Anonymous More than 1 year ago
I am now placing another order to have "Widow to Widow" on hand when an appropriate instance arises and another new widow needs some calming insight. This book has given me much needed insight into how to help my mother cope with her sudden singleness. Ginsburg's empathy (she herself was unprepared for widowhood) and intelligence (her prose isn't rife with the self-help jargon that doesn't come naturally to many of us) permeate each insightful page. She details not only the facts of widowhood (living alone, eating alone, suriving alone) but also includes personal commentary that places her words in much-needed context. I will purchase copies for my mother and sister, and I believe that they will now begin to understand that it's "okay" to feel anger, and sadness, and hopelessness. Ginsburg validates one's feelings, and no one else has been able to do that for me/us yet. This is a very special book. I find the emptiness overwhelming at times and picking up this book (between counseling sessions) is a great boost to my sense of where I am now.        
Toni22 More than 1 year ago
I was widowed at the age of 57 - my husband Glenn was 58 when he died which is similar to Genevieve's experience. As widows know it takes awhile to focus long enough to read but I encourage new widows to read it as soon as you think you can focus. There are parts where I felt she was looking over my shoulder and writing about my experiences. Like all "how to survive" books - there are parts that didn't apply to me but most of it did. It even helped me to teach others how to act or react to a friend who suddenly loses her past and her future. For instance saying "I'm here for you - just give me a call - let me know if you need anything" puts the responsibility on the widow to first know what she needs and to contact the person. Rather Genevieve tells us to be specific with something like - "I'd like to come over on Tuesday with dinner." I found myself saying to my family that it frustrates me when people say just call if you need anything - I didn't know what I needed - "do you want to take out my trash, can you bring my husband back, can you change my future." This book helped me cope and understand that they are just trying to help but they don't know what to do either. I appreciated this book so much that I sent it to my friend who recently lost her husband at the age of 58. Is there something magical about that number 58? Anyway, it is a good resource and I highly recommend it.

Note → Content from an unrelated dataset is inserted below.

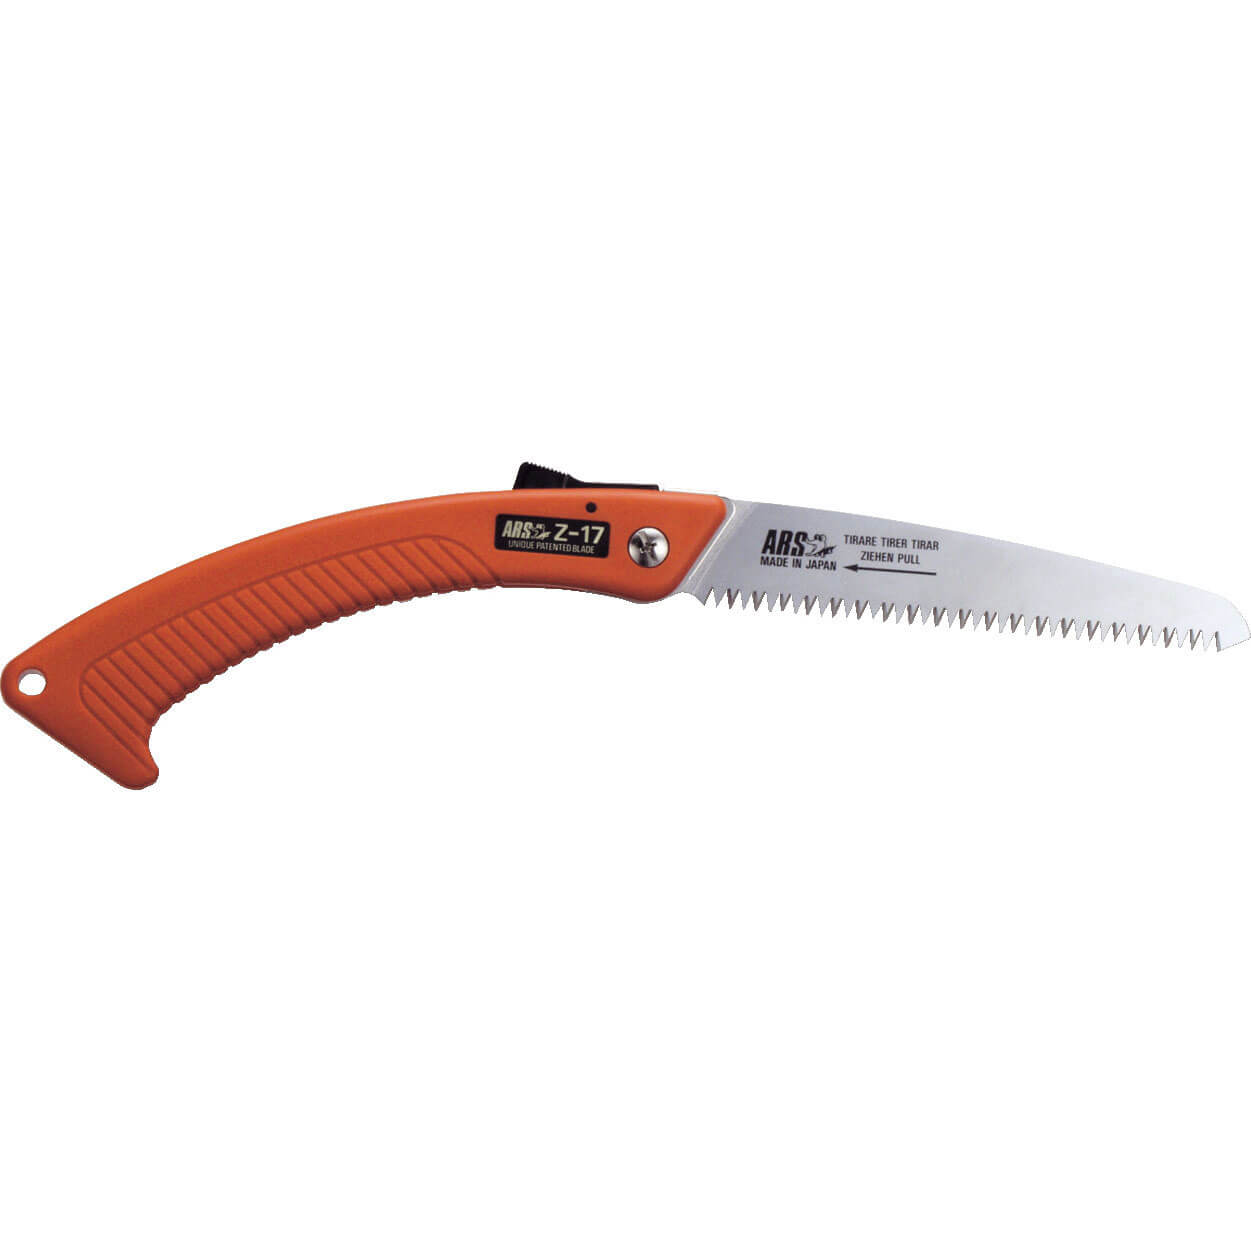 Image of ARS Z-17 Folding Pruning Saw Turbocut Straight Blade 380mm

jspur More than 1 year ago
I lost my husband at age 46 and felt so lost and so overwhelmed at what I needed to do. This book not only helped to explain some of the feelings and things I had already gone through, but it also prepared me for things that were still to come. Widow to widow lists many tips and explanations on things you will go through that most people don't even think about...like removing your wedding rings permanently or cleaning out the closets. This book doesn't just take you through the grieving process but continues on to give you the hope and confidence you need to move on in your life and make it become whatever you want it to be. I was so encouraged by this book that I not only recommend it, but I have found that it is one of the best gifts I can give to any of my friends or family that suffer the loss of their loved one.
RRZ More than 1 year ago
This is the book I wish had been written when I was widowed at age 40. It covers so much of what the widow goes through beginning with the death and through the grieving process. It is not necessarily a "grief" book, it is a "how to survive now that I am no longer a wife" book. I have given this book to others who have lost a husband.
Anonymous More than 1 year ago
An excellent book for widows. Through my experience I found that this book helped me understand the process of losing my spouse.